There is a lot of talk these days about the potential to use the big Crowdfunding platforms like Kickstarter to gain capital for an idea you want to bring to the market. In some cases, it can be a great option that not only means you can get the capital you need without having to find loans or give away shares in your business, but can also help you gain publicity for the thing you are doing before your product is even available to buy. However, as good as crowdfunding may sound, it isn’t suitable for every kind of idea, and can also take a lot of work if you want to actually raise the money you need.

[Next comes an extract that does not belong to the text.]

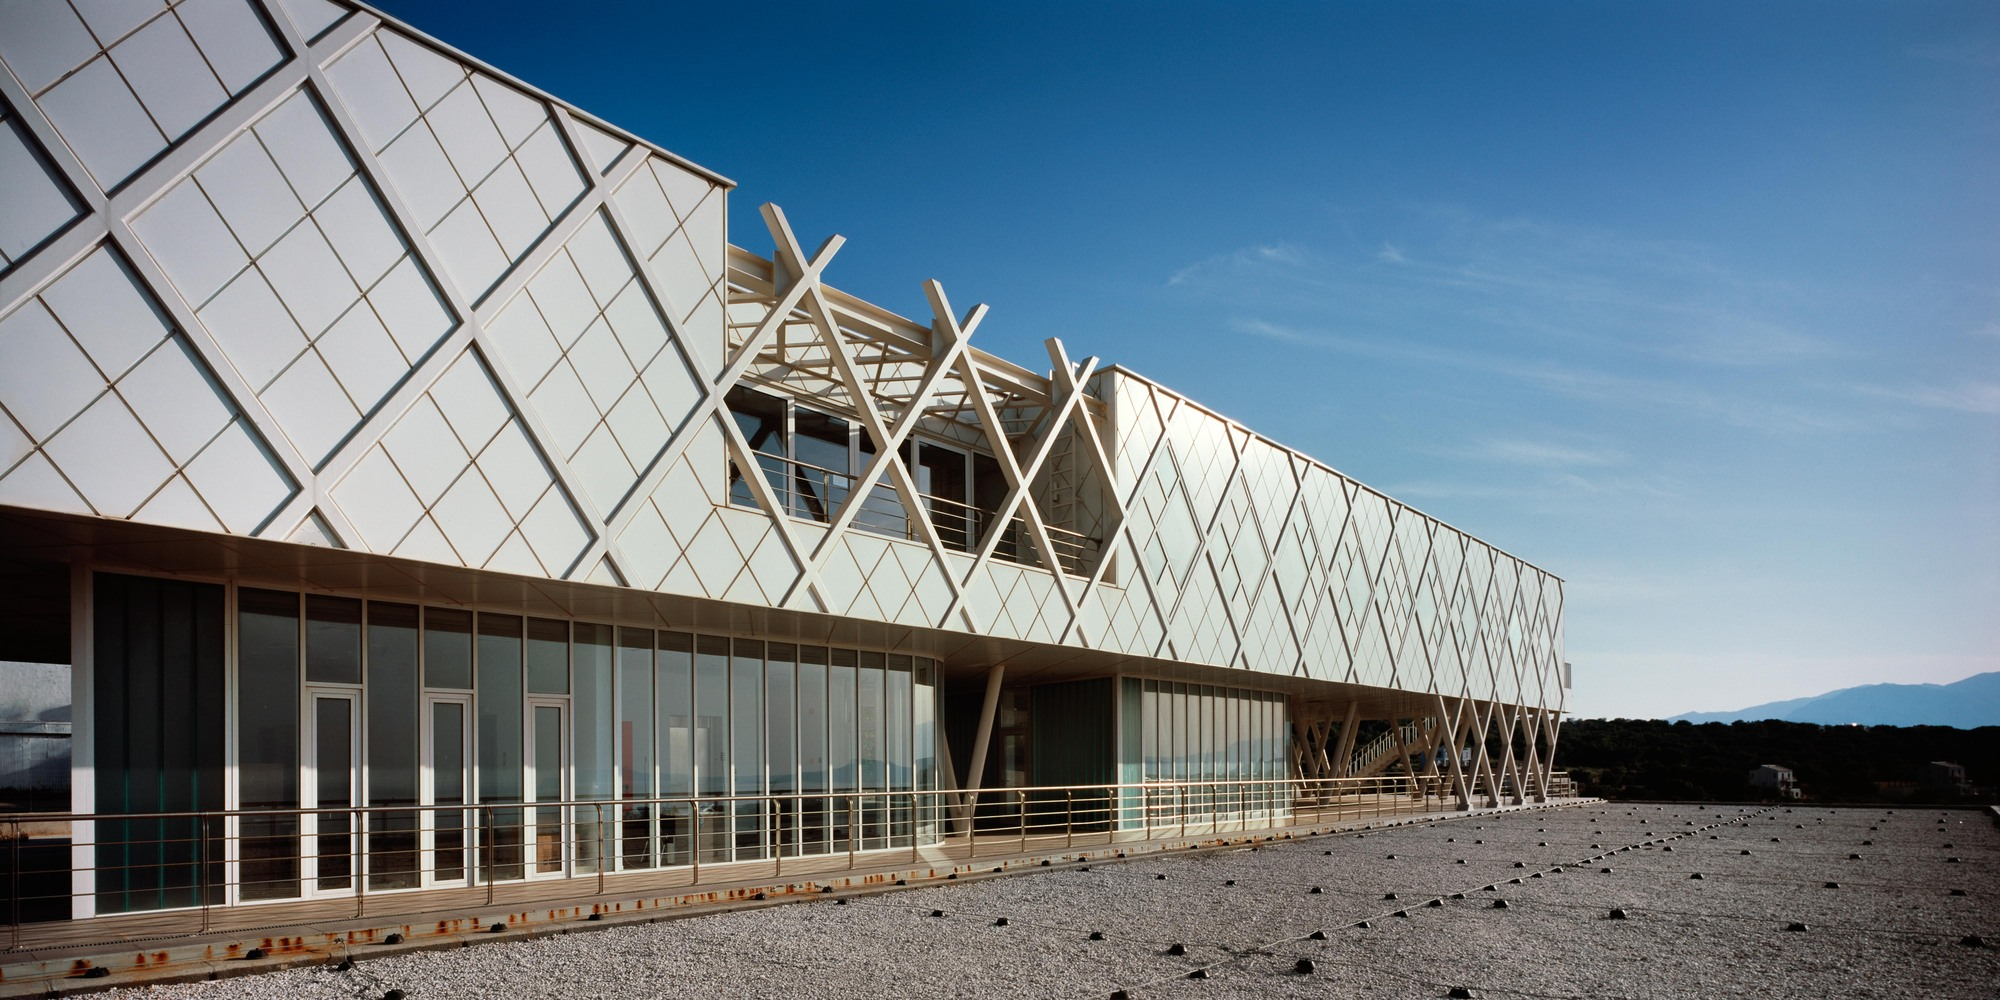 Centre for Plasma Physics and Lasers / Sparch Sakellaridou - Papanikolaou Architects

Here are some things you may need to know to be able to decide whether crowdfunding with Kickstarter, IndieGoGo or one of the other well known platforms is an option for you:
Crowdfunding Platforms Are for Projects, Not Businesses
One thing many people don’t understand is that the big crowdfunding platforms where you are likely to get a lot of people looking at your proposal, only accept projects with a set deliverable. What this means in practical terms is that you can set up a Kickstarter to develop a game or an app, but not to start a software company that is going to be working on lots of projects, or a consultancy that builds bespoke apps for businesses. Each project must result in a product, and have an end date. This means that if your idea is centered around one product, you can use crowdfunding to get capital to develop that product, and that alone. Whether you then continue as a business and do other products or offer services is up to you, but cannot be factored into your crowdfunding campaign.
You Are Committed to Giving Rewards
When you raise money using crowdfunding, you don’t have to pay it back when you have completed your project. You do, however, have to give people the rewards you offered when you ran your campaign, one of which is usually the finished product you were going to create. This is one of the key points when it comes to the matter of IndieGoGo vs Kickstarter: with Kickstarter you only get the money if you reach your campaign goals, so while you may get nothing if you don’t get enough backers, you will have enough money to develop your product if you succeed. With IndiGoGo you get any money that is given to the project no matter how far off your goal you are, which sounds great until you realize you may have to give backers their rewards with a tiny budget.
If you do decide a crowdfunding campaign suits what you want to do, then do your research, and prepare to launch it! Be prepared, however, that both preparing and managing a campaign is like running a full time business, and you may not have much time for other activities on your project while you are promoting your campaign.
Crowdfunding is a great idea for a lot of projects, but make sure you understand these key points before you rush into it!